> EXERCISE AIM
Retype the whole listing below exactly, keeping every picture out of it.

> INFORMATION SUPPLIED
..............................
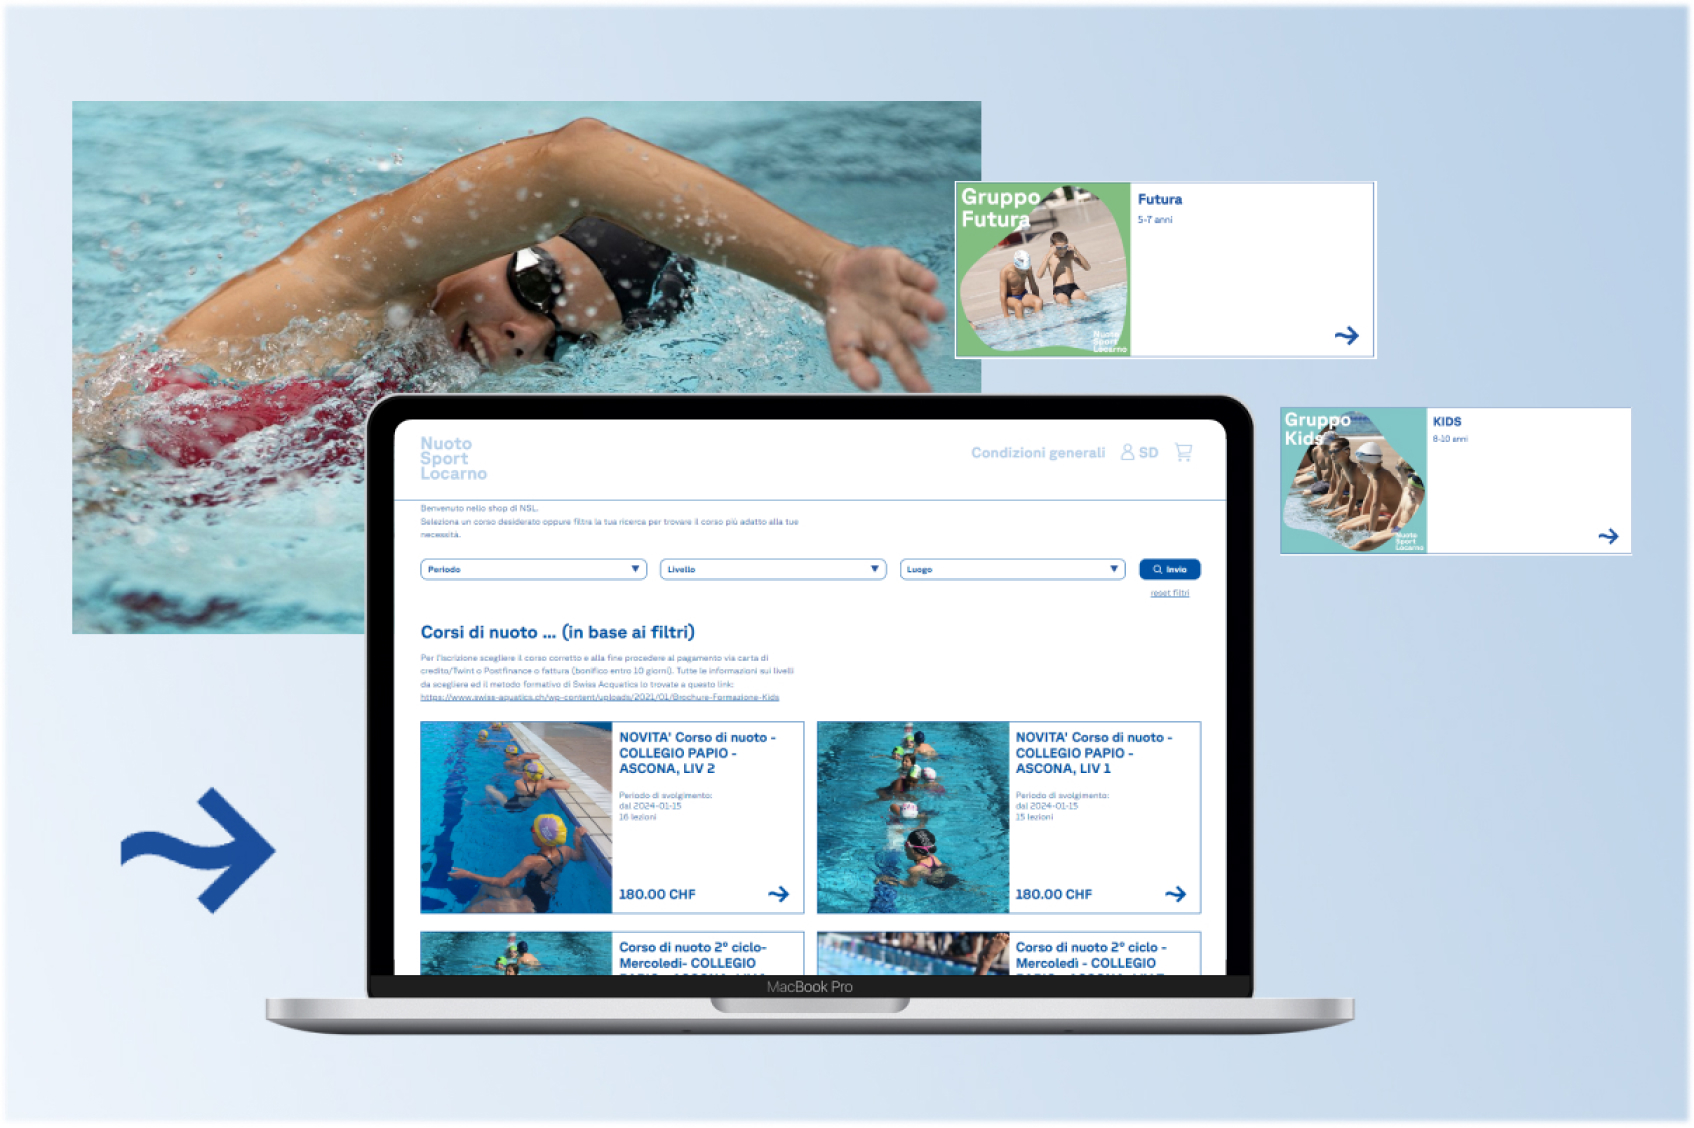 Nuotosport, fra Canton Ticino e spazi digitali
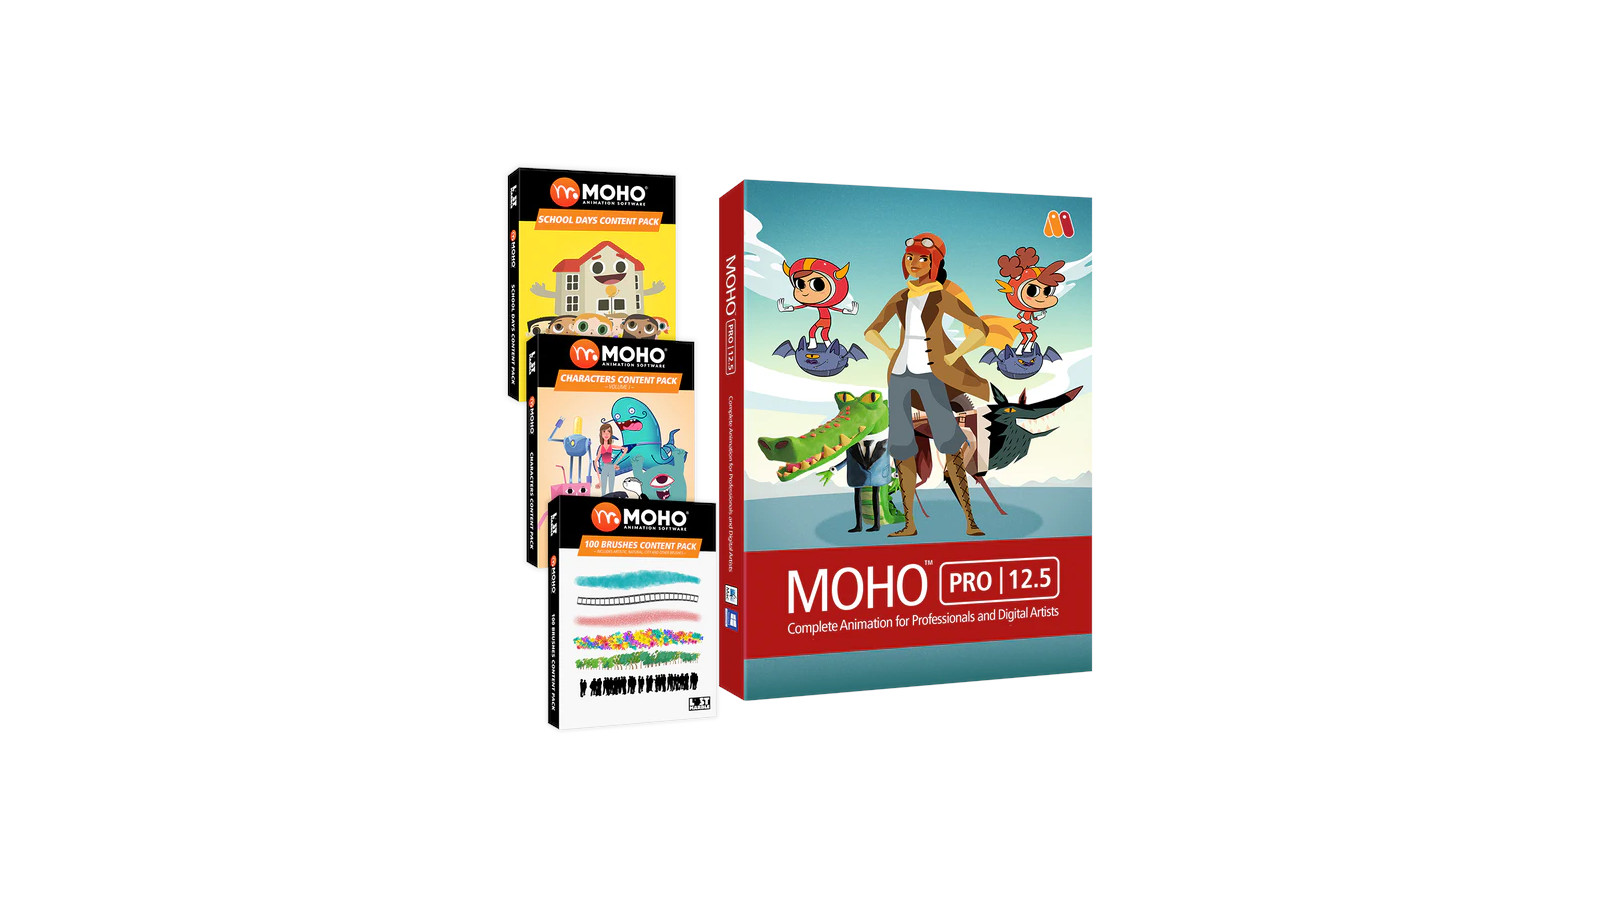 MOHO PRO 12.5 BUNDLE PC/MAC CD Key, 386.84$
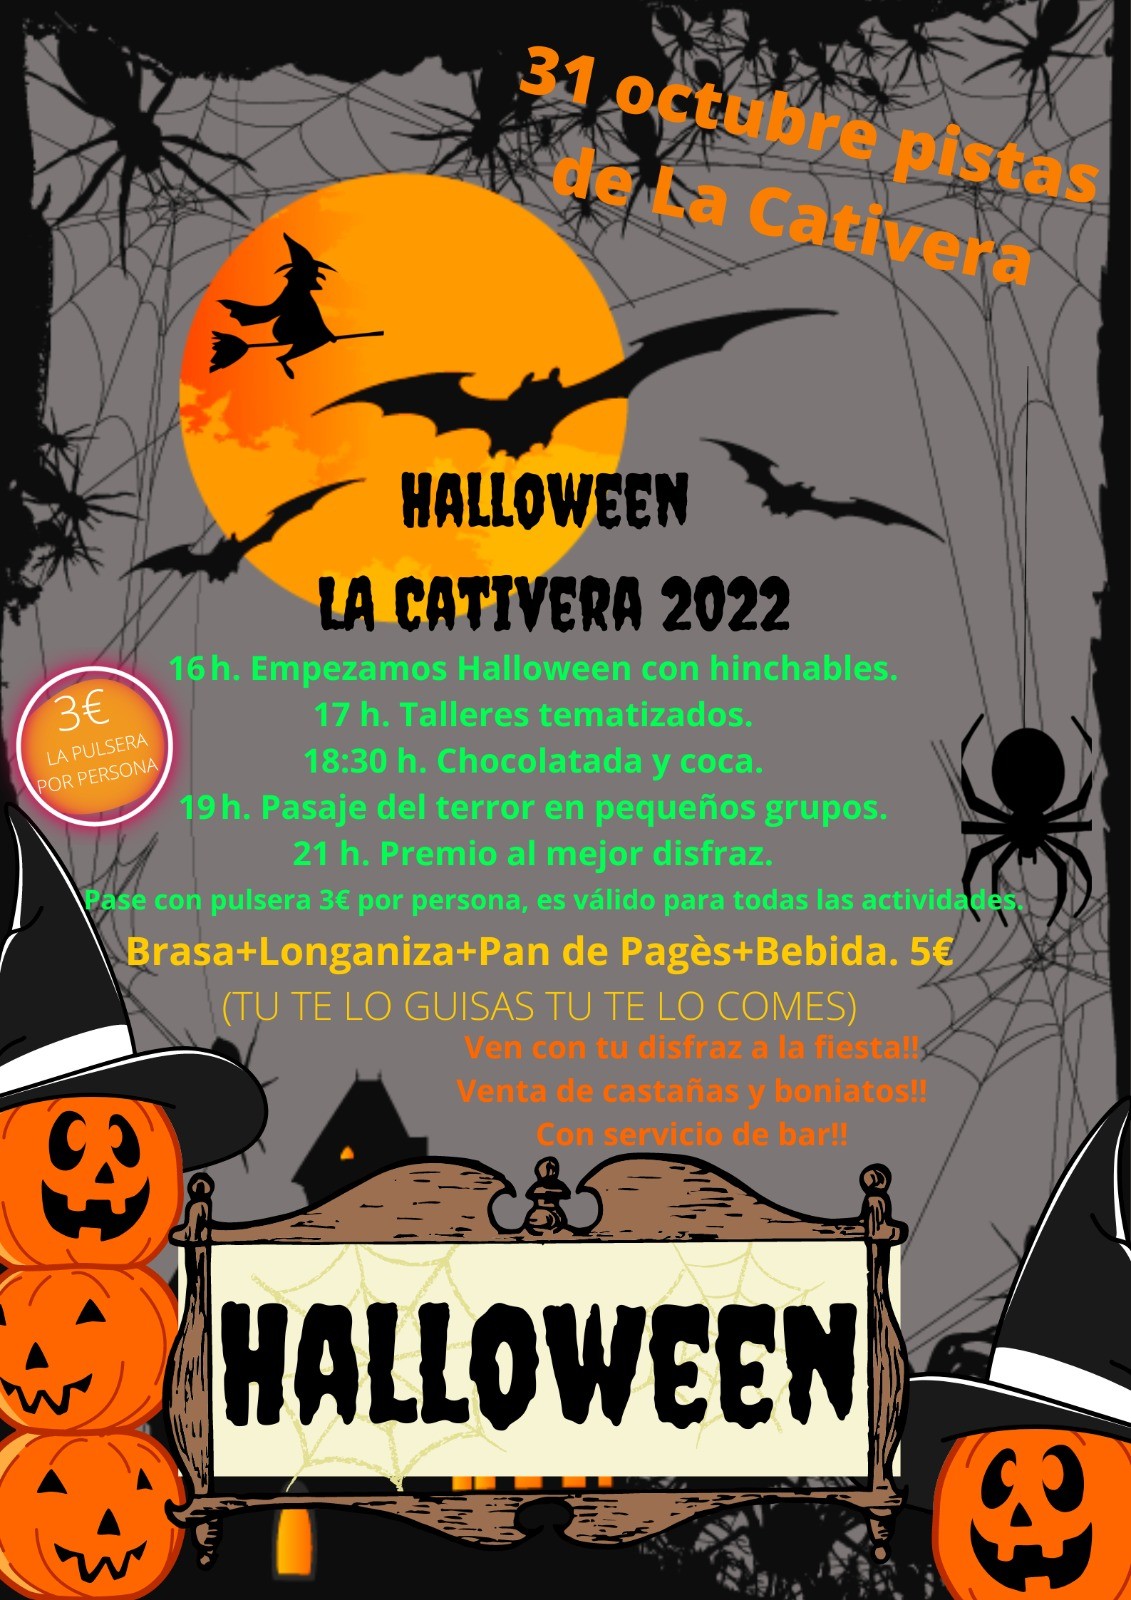 LA CATIVERA. 31 D'OCTUBRE 2022
..............................
> RESPONSE TO THE TASK
 Nuotosport, fra Canton Ticino e spazi digitali
 MOHO PRO 12.5 BUNDLE PC/MAC CD Key, 386.84$
 LA CATIVERA. 31 D'OCTUBRE 2022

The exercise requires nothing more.